J'ai vu un jour un slogan dans une entreprise. Quelqu'un l'avait affiché pour rire. Le slogan était celui-ci: «Les raclées vont continuer jusqu'à ce que le moral des troupes s'améliore». Si nous pouvions retourner en arrière, ce qu'ont proposé les cinq fonds que vous avez entendus aujourd'hui c'est un processus réglementaire auquel il faudrait se conformer. Il serait impossible de constituer un fonds d'investissement des travailleurs seulement parce qu'un syndicat composé de 10 à 20 personnes est prêt à vous appuyer.
• 1110
Ce n'est cependant plus possible. Il faudra nous contenter du
régime que nous avons. Nous aimerions être en mesure au Nouveau-
Brunswick de mettre à la disposition des petites et moyennes
entreprises les investissements qui leur permettront de croître et
qui permettront de renforcer l'économie. Si nous faisons progresser
le portefeuille et encourageons ces entreprises, nous aiderions
beaucoup l'économie du Nouveau-Brunswick. Je crois que ce comité
peut jouer un grand rôle en faisant bouger ce portefeuille et en
changeant les paramètres. Nous pourrons ensuite ne pas tenir compte
du slogan «Les raclées continueront jusqu'à ce que le moral des
troupes s'améliore», parce que cette méthode est inefficace.

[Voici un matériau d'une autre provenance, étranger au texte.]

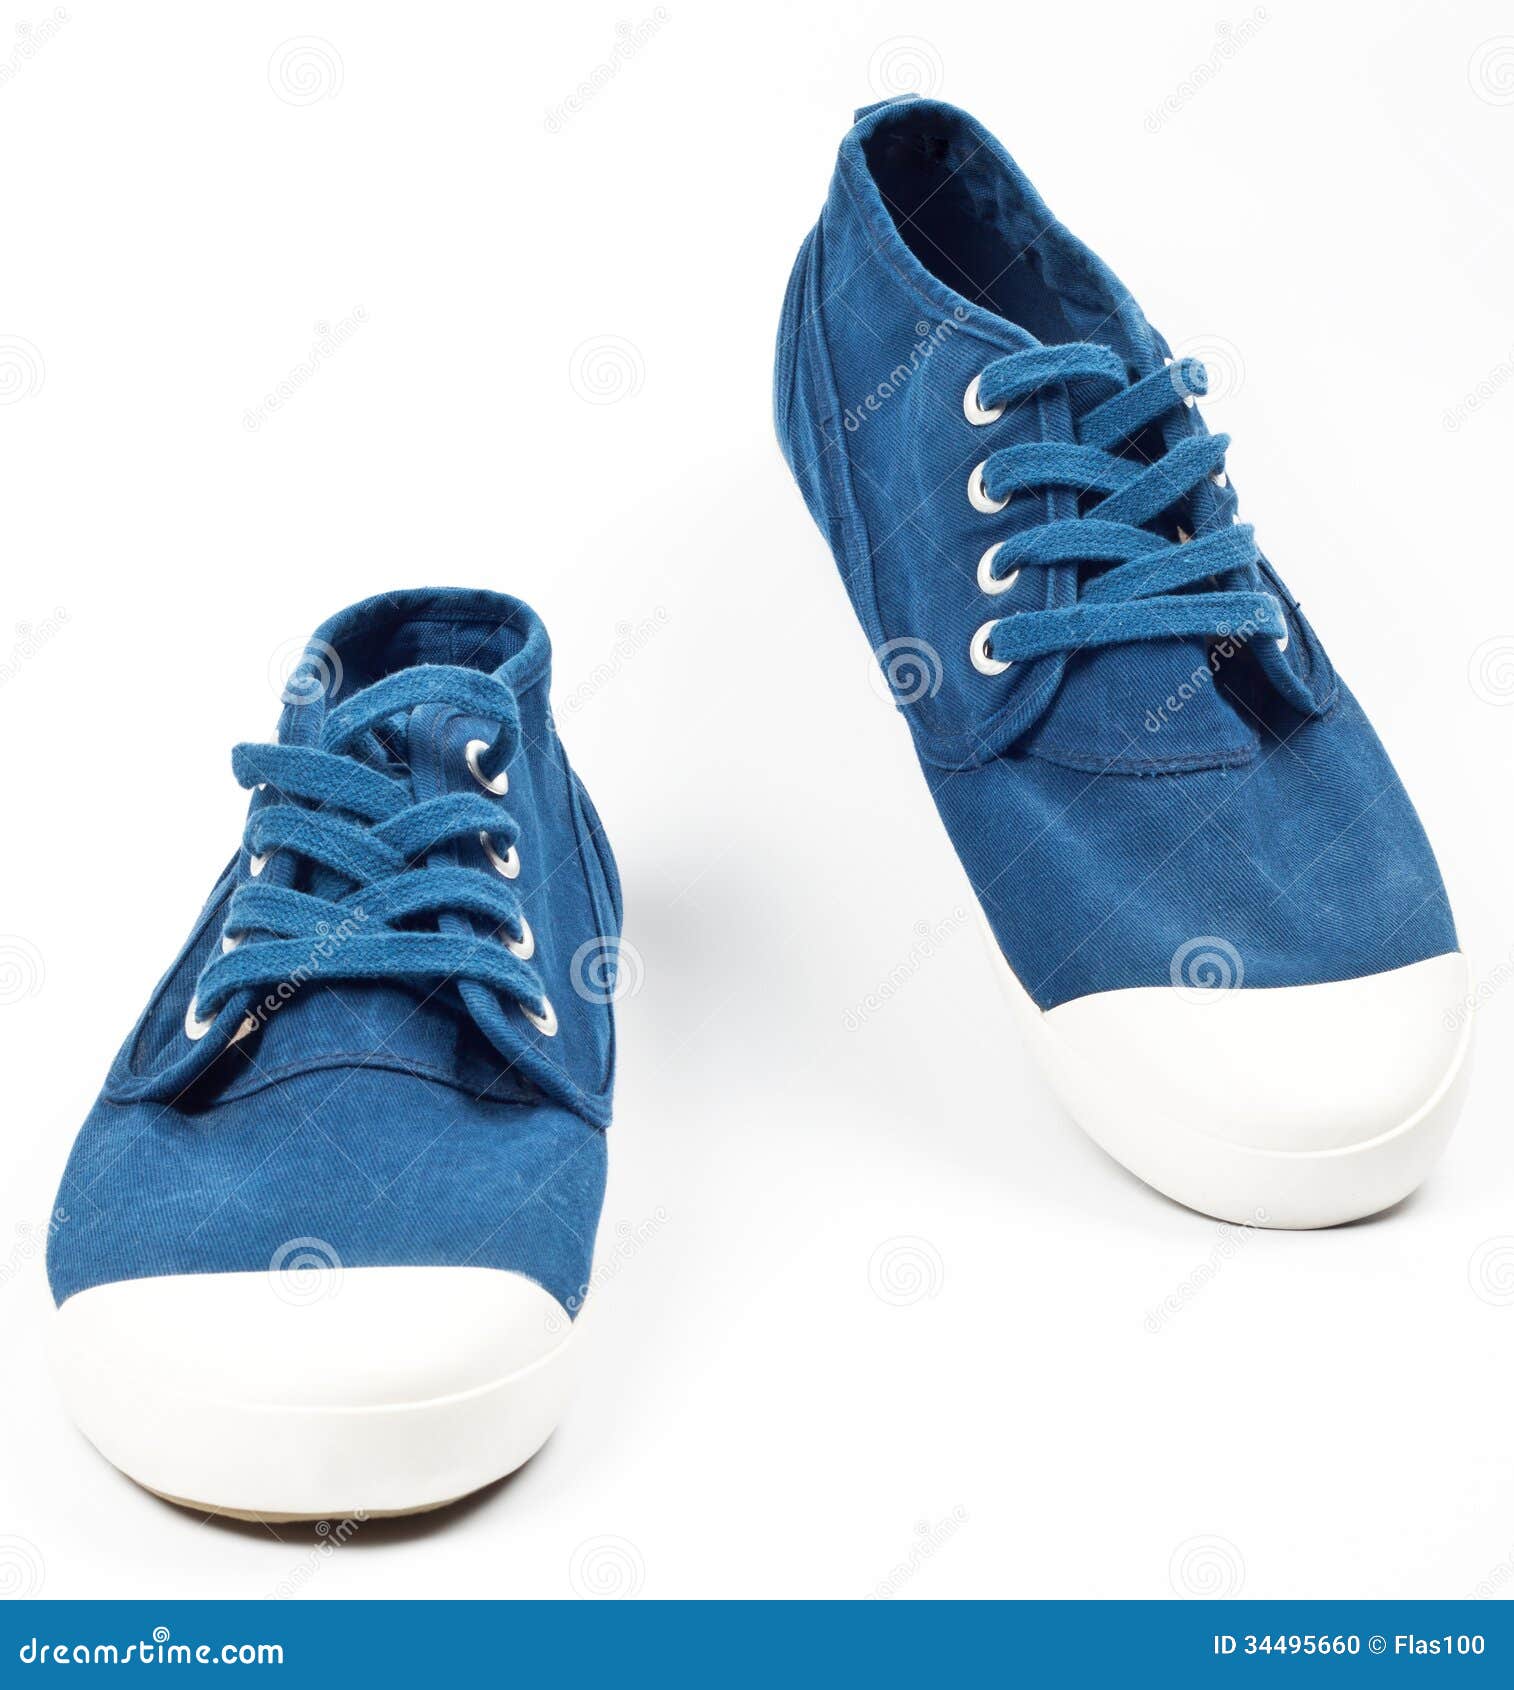 A pair of new blue shoes stock photo. Image of rubber - 34495660

Nous avons besoin de votre aide et j'espère que vous nous appuierez là où cela compte. Vous aiderez ainsi le Nouveau- Brunswick. Il n'y a pas de représentants du Nouveau-Brunswick ici aujourd'hui, mais je peux vous assurer que ce sera le cas et que nous l'apprécierons. Je vous remercie.
La présidente: Merci, monsieur McEwen.
Monsieur Bachand.
M. Raymond Bachand: Je ne ferai pas de conclusion, mais je ferai deux remarques. Je vous remercie d'abord de nous avoir accueillis.
Notre institution canadienne n'a pas son équivalent dans le reste du monde. Des gens des quatre coins du monde viennent à Montréal pour se renseigner à son sujet. Comment cela se peut-il? Je ne peux pas croire que les syndicats créent des fonds d'investissement. En aidant le contribuable, je crois que les gouvernements permettront à long terme aux sociétés canadiennes de jouir d'un avantage concurrentiel et d'avoir accès à des capitaux. C'est important étant donné que notre principal concurrent sont les États-Unis d'Amérique et leurs établissements financiers.
Voici ma deuxième remarque. Je vous prie de résister à la tentation d'adopter à l'échelle fédérale une réglementation qui s'appliquerait dans tout le Canada. Ce genre d'institution est réglementée en Colombie-Britannique, au Manitoba et dans notre province. L'Ontario a maintenant résolu le problème et s'est donné un bon régime. Je sais que certains seraient tentés d'uniformiser la réglementation à l'échelle nationale, mais je pense que ce serait une grave erreur.
Je vous remercie beaucoup.
La présidente: Je vous remercie beaucoup.
Au nom du comité, je vous remercie d'avoir comparu devant nous aujourd'hui.
La séance est levée jusqu'à 15 h 30. Nous siégerons alors dans une autre salle, soit la salle 253-D de l'édifice du Centre. Je vous remercie beaucoup.